- _WHAT YOU WILL DO_:
Please transcribe the data that follows exactly as given, leaving out every picture.

- _DATASET SECTION_:
☆ ☆ ☆ ☆ ☆ ☆ ☆

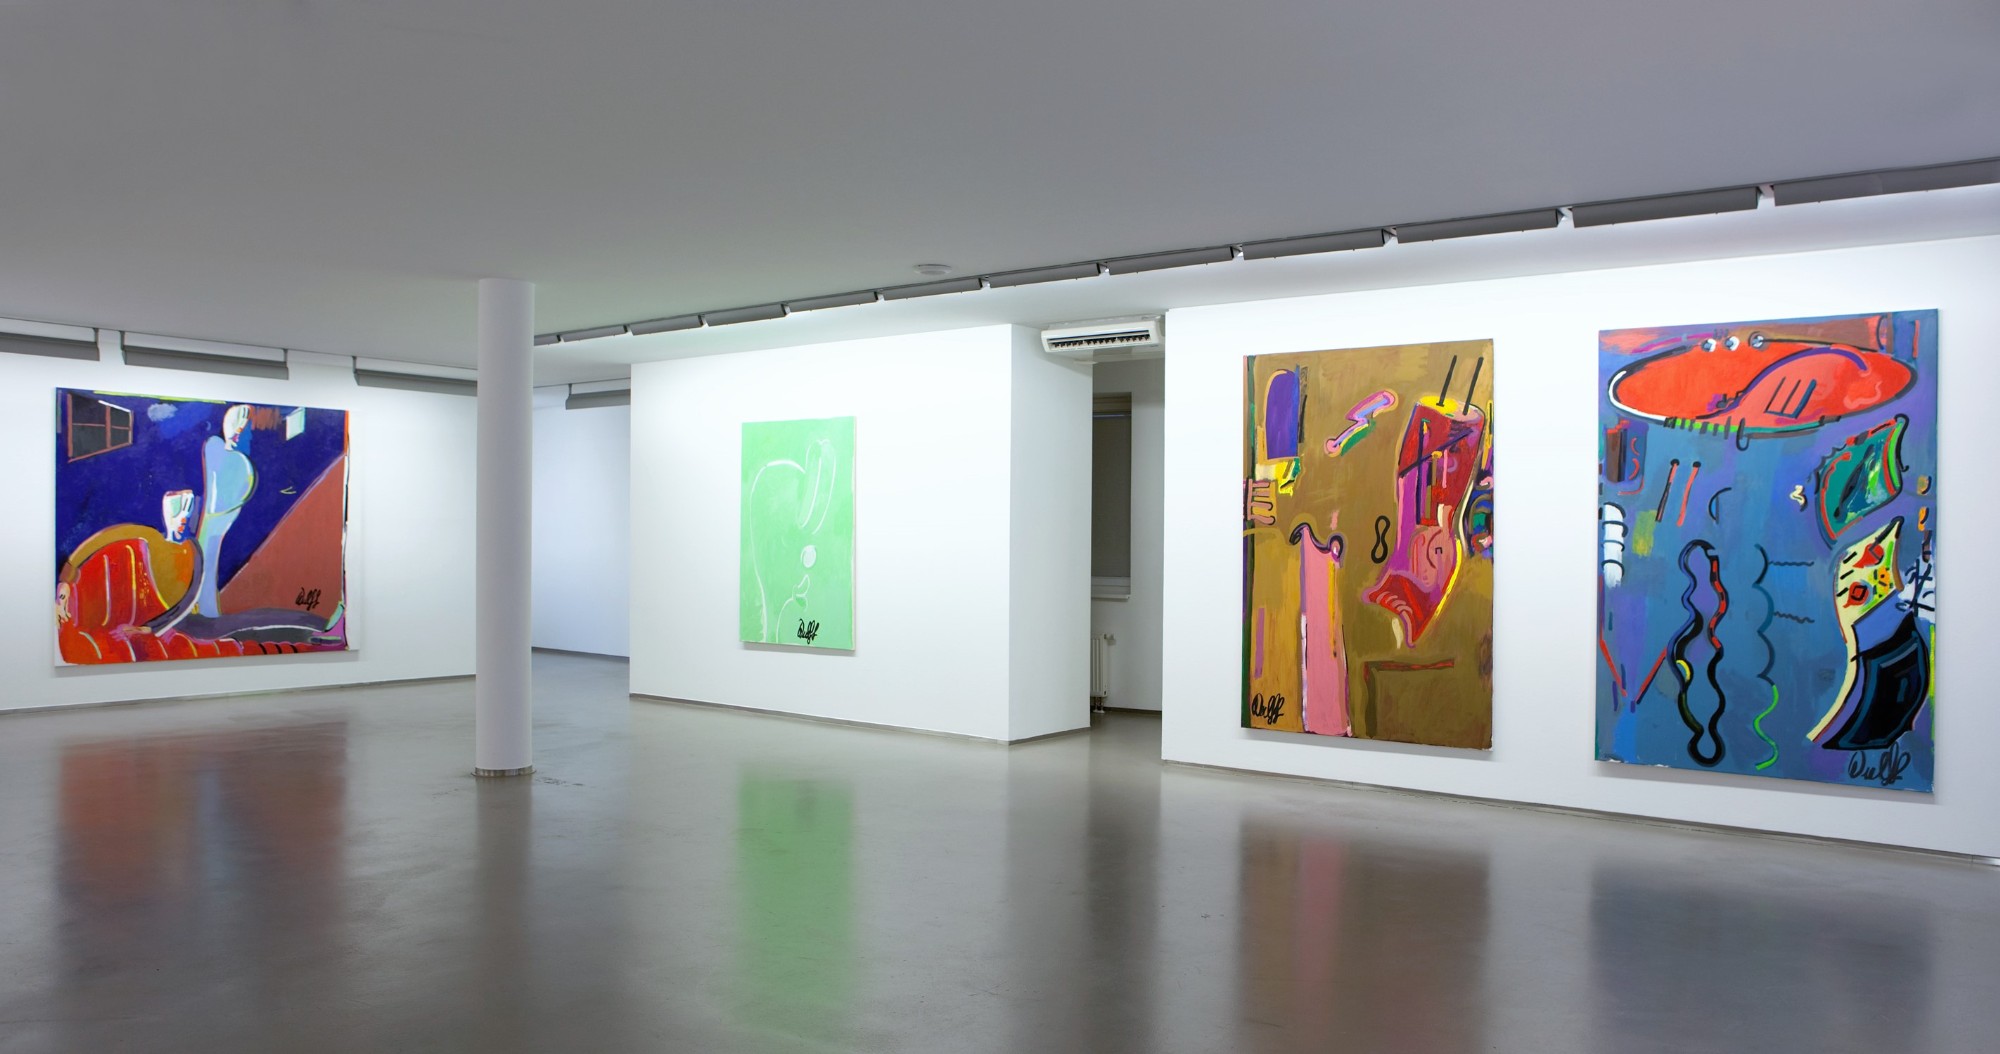 Ulrich Wulff, Schon wieder neue Bilder, Exhibition view, 2010
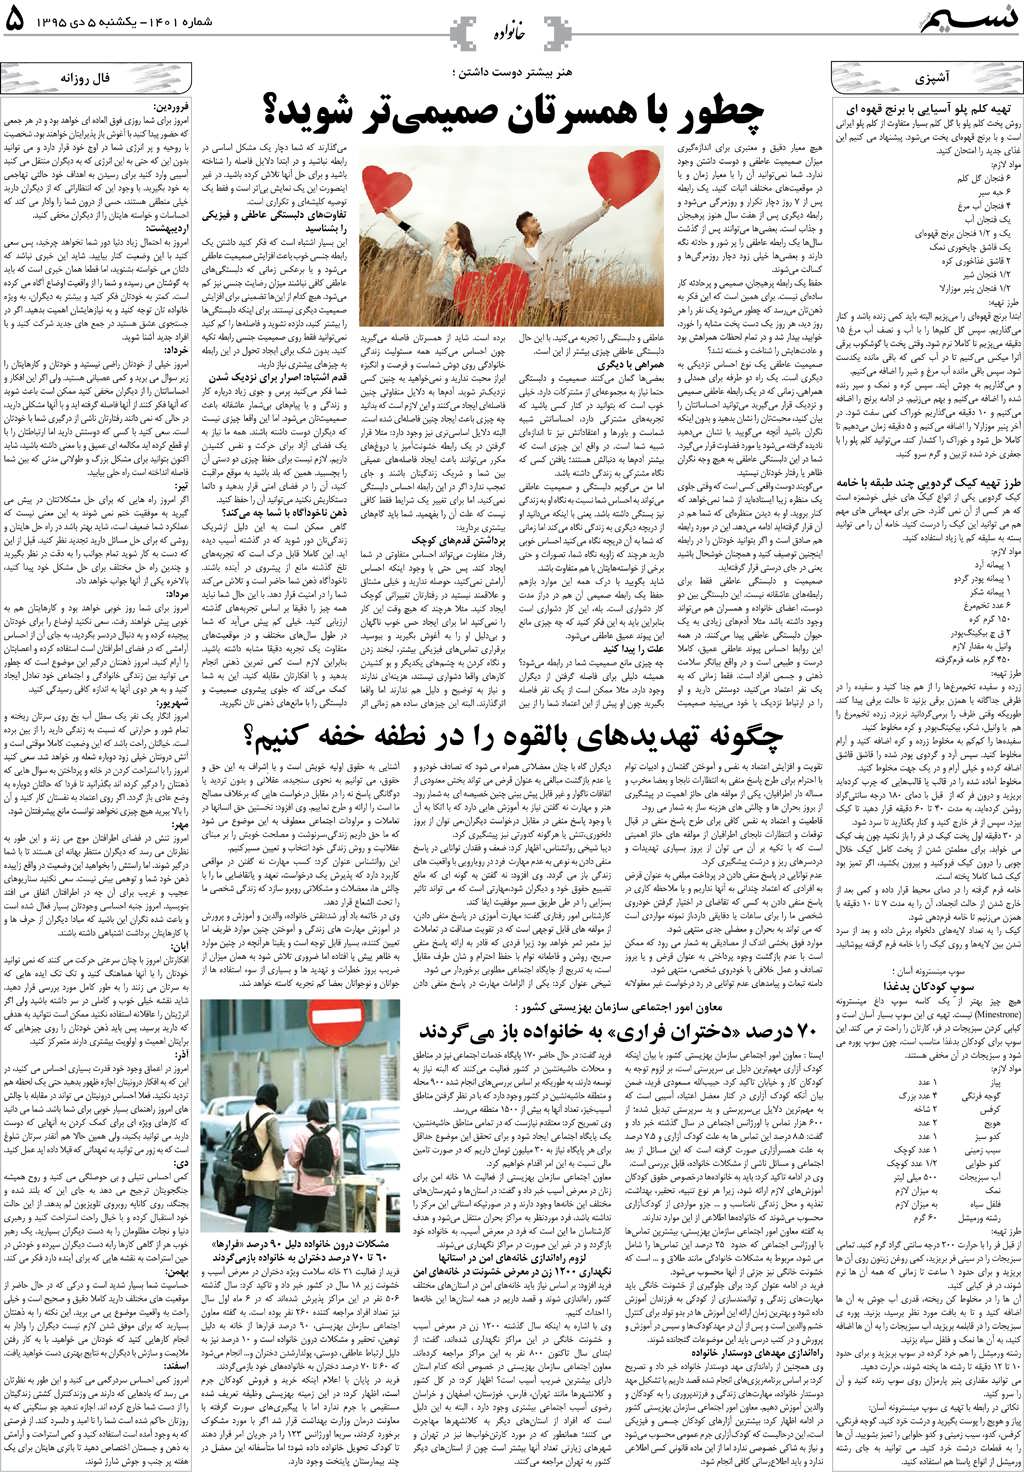 صفحه خانواده روزنامه نسیم شماره 1401
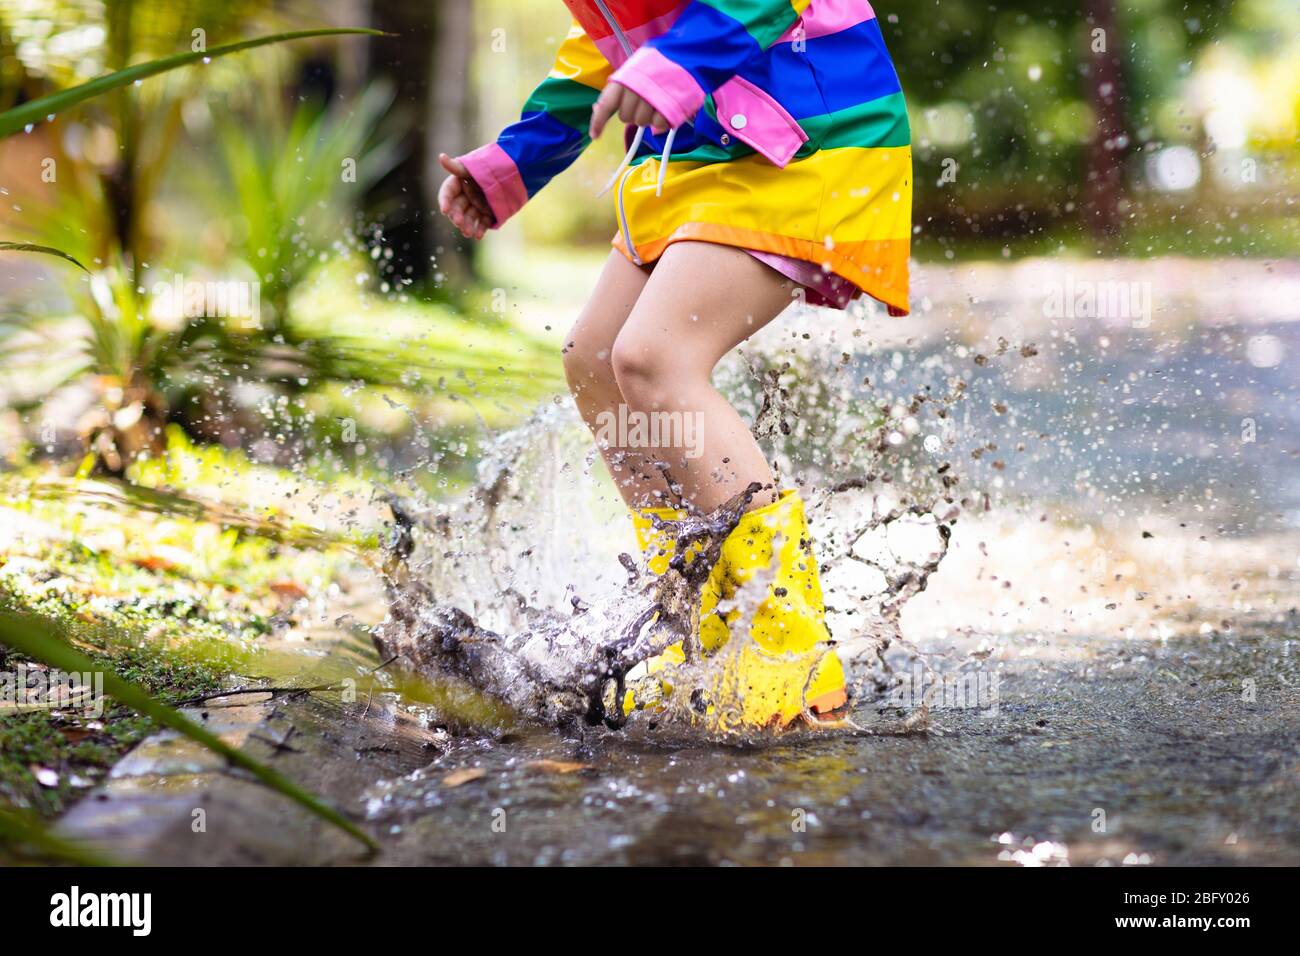 Kind spielt im Regen im Herbstpark. Kind springt in schlammigen Pfütze an regnerischen Herbsttag. Kleines Mädchen in Regenstiefeln und Regenbogenjacke im Himmel Stockfoto

☆ ☆ ☆ ☆ ☆ ☆ ☆

- _ANSWER TO THE EXERCISE_:
 Ulrich Wulff, Schon wieder neue Bilder, Exhibition view, 2010
 صفحه خانواده روزنامه نسیم شماره 1401
 Kind spielt im Regen im Herbstpark. Kind springt in schlammigen Pfütze an regnerischen Herbsttag. Kleines Mädchen in Regenstiefeln und Regenbogenjacke im Himmel Stockfoto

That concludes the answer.